Search code examples
perlutf-8character-encodinglatin1

Proper handing of UTF-8 in Perl


I have been given a file, (probably) encoded in Latin-1 (ISO 8859-1), and there are some conversions and data mining to be done with it. The output is supposed to be in UTF-8, and I have tried about anything I could find about encoding conversion in Perl, none of them produced any usable output.

I know that use utf8; does nothing to begin with. I have tried the Encode package, which looked promising:

open FILE, '<', $ARGV[0] or die $!;

my %tmp = ();
my $last_num = 0;

while (<FILE>) {
    $_ = decode('ISO-8859-1', encode('UTF-8', $_));

    chomp;
    next unless length;
    process($_);
}

I tried that in any combination I could think of, also thrown in a binmode(STDOUT, ":utf8");, open FILE, '<:encoding(ISO-8859-1)', $ARGV[0] or die $!; and much more. The result were either scrambled umlauts, or an error message like \xC3 is not a valid UTF-8 character, or even mixed text (Some in UTF-8, some in Latin-1).

All I wanna have is a simple way to read in a Latin-1 text file and produce UTF-8 output on the console via print. Is there any simple way to do that in Perl?


Solution

  • See Perl encoding introduction and the Unicode cookbook.
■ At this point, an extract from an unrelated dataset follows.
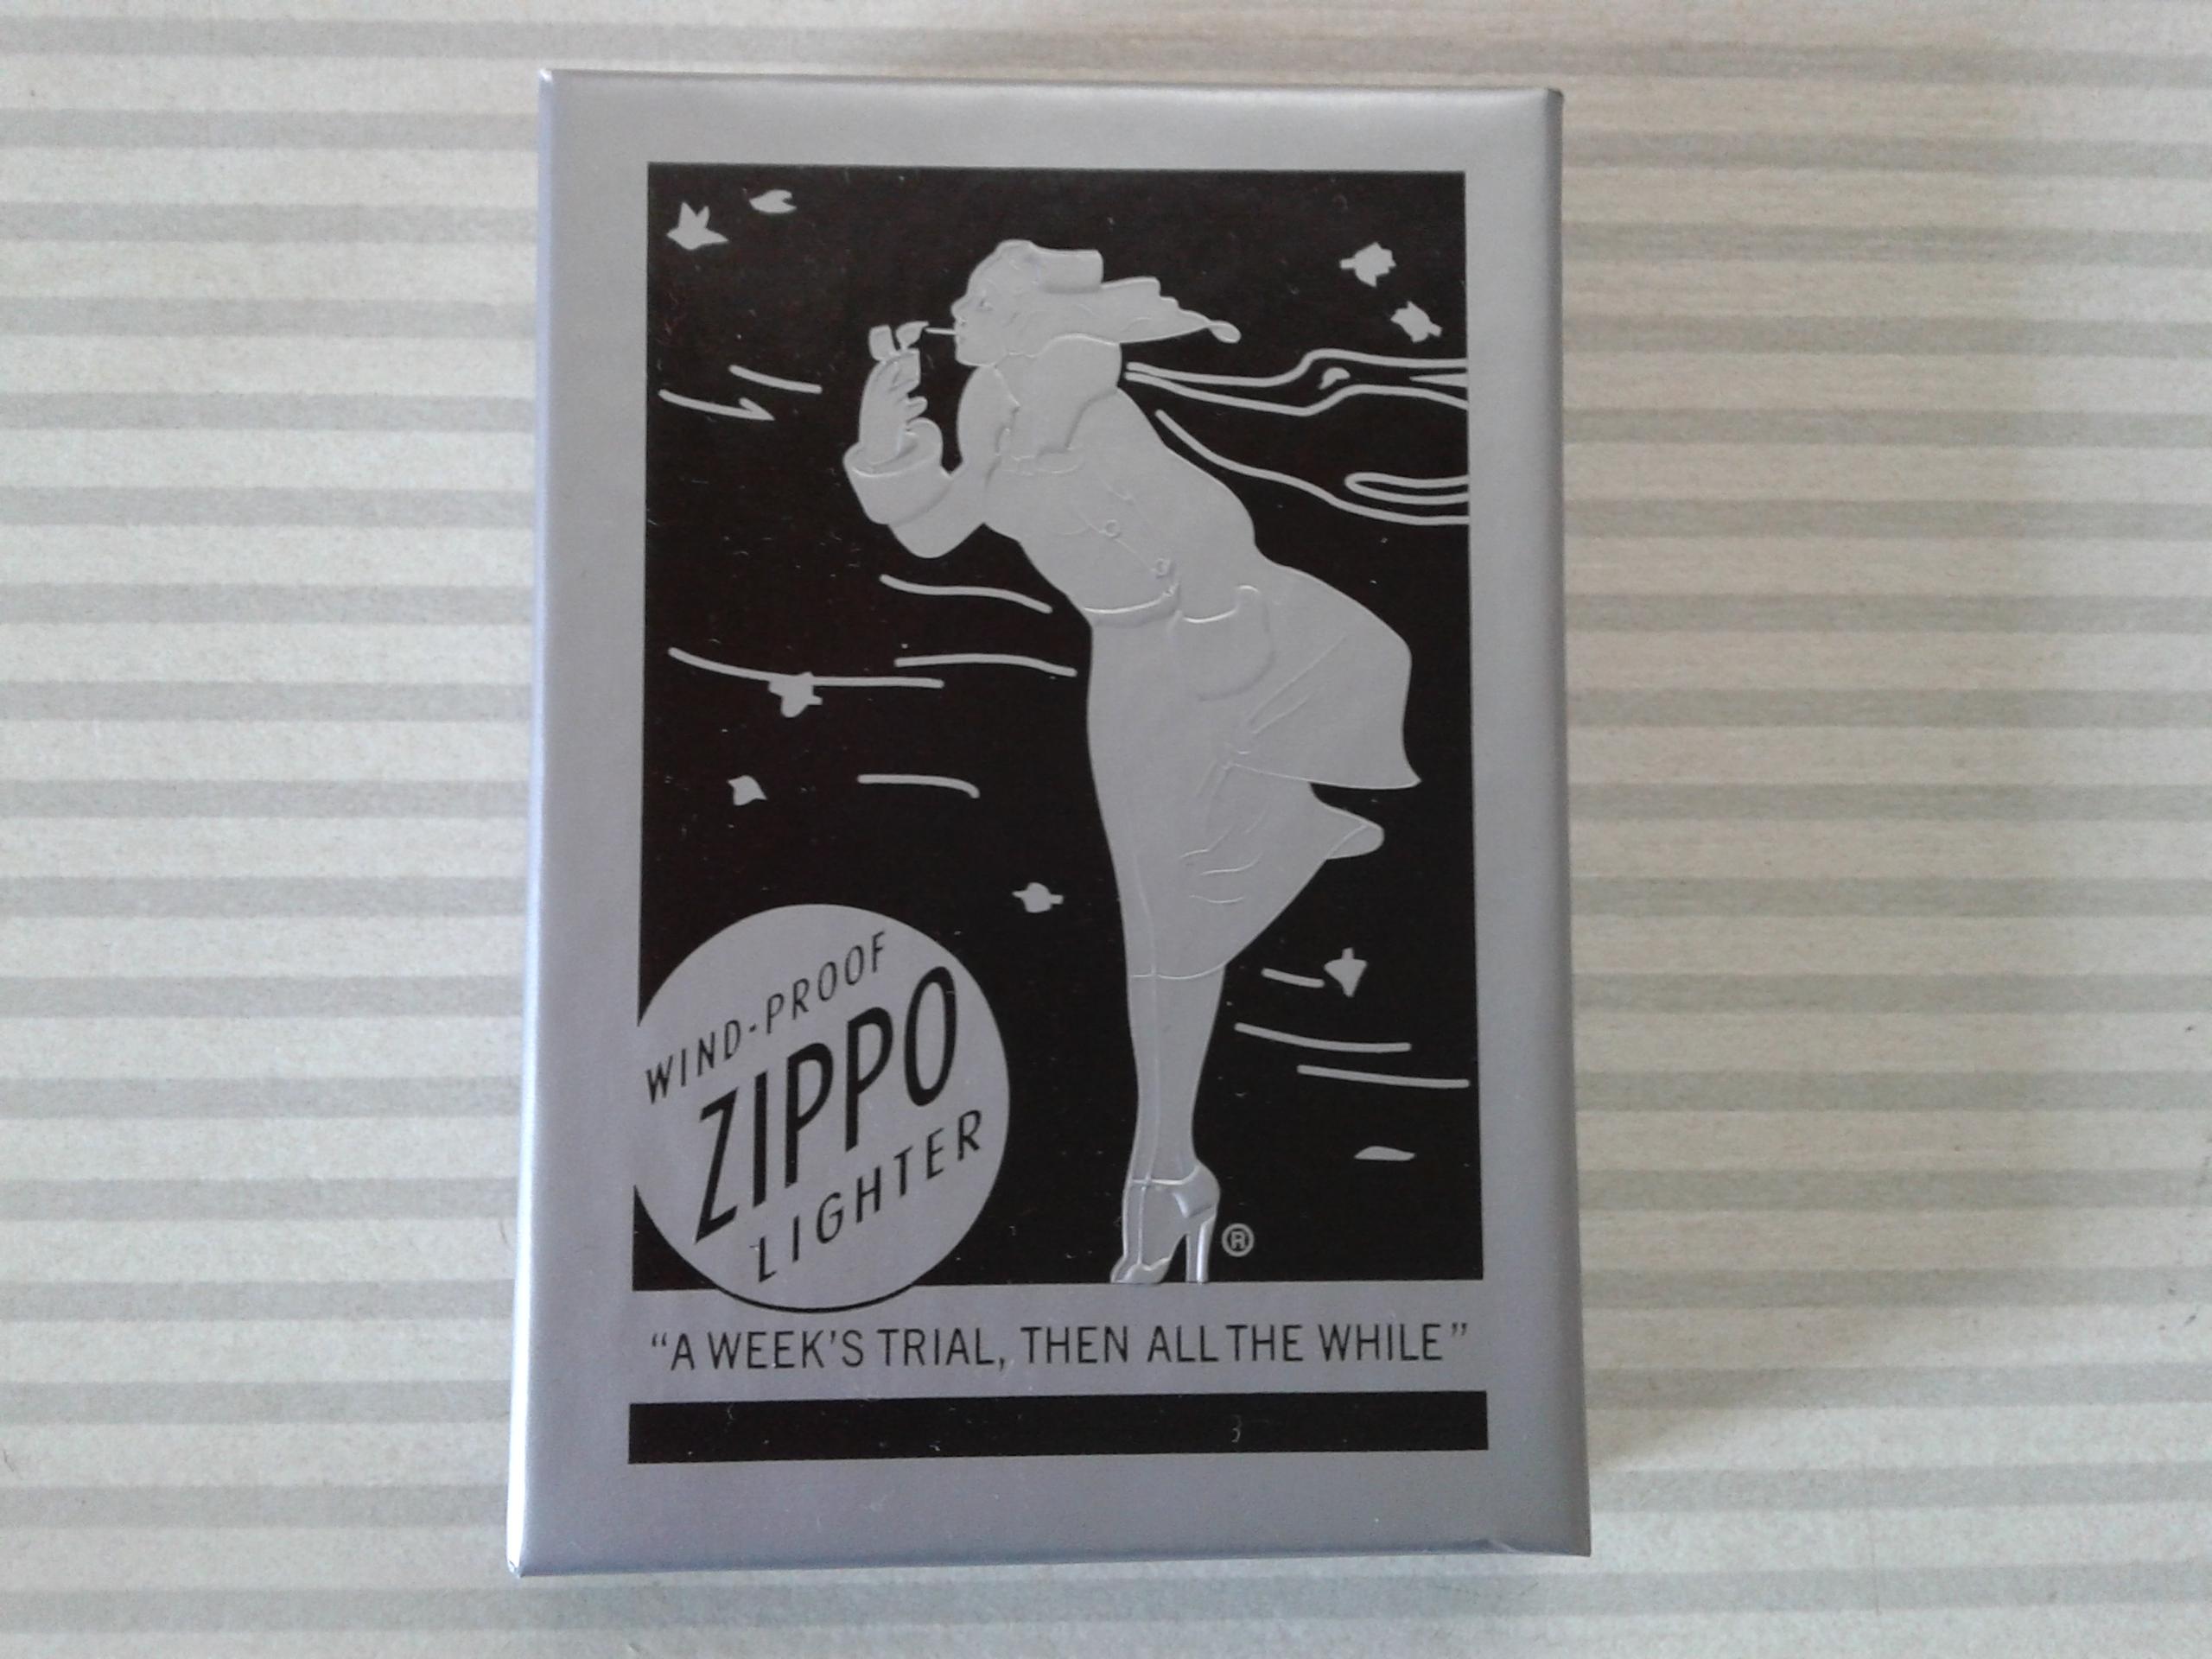 Les boites Zippo au fil du temps - Page 3 361769WindyReplica3520141

    • Easiest with piconv:

      $ piconv -f Latin1 -t UTF-8 < input.file > output.file
      
    • Easy, with encoding layers:

      use autodie qw(:all);
      open my $input, '<:encoding(Latin1)', $ARGV[0];
      binmode STDOUT, ':encoding(UTF-8)';
      
    • Moderately, with manual de-/encoding:

      use Encode qw(decode encode);
      use autodie qw(:all);
      
      open my $input, '<:raw', $ARGV[0];
      binmode STDOUT, ':raw';
      while (my $raw = <$input>) {
          my $line = decode 'Latin1', $raw, Encode::FB_CROAK | Encode::LEAVE_SRC;
          my $result = process($line);
          print {STDOUT} encode 'UTF-8', $result, Encode::FB_CROAK | Encode::LEAVE_SRC;
      }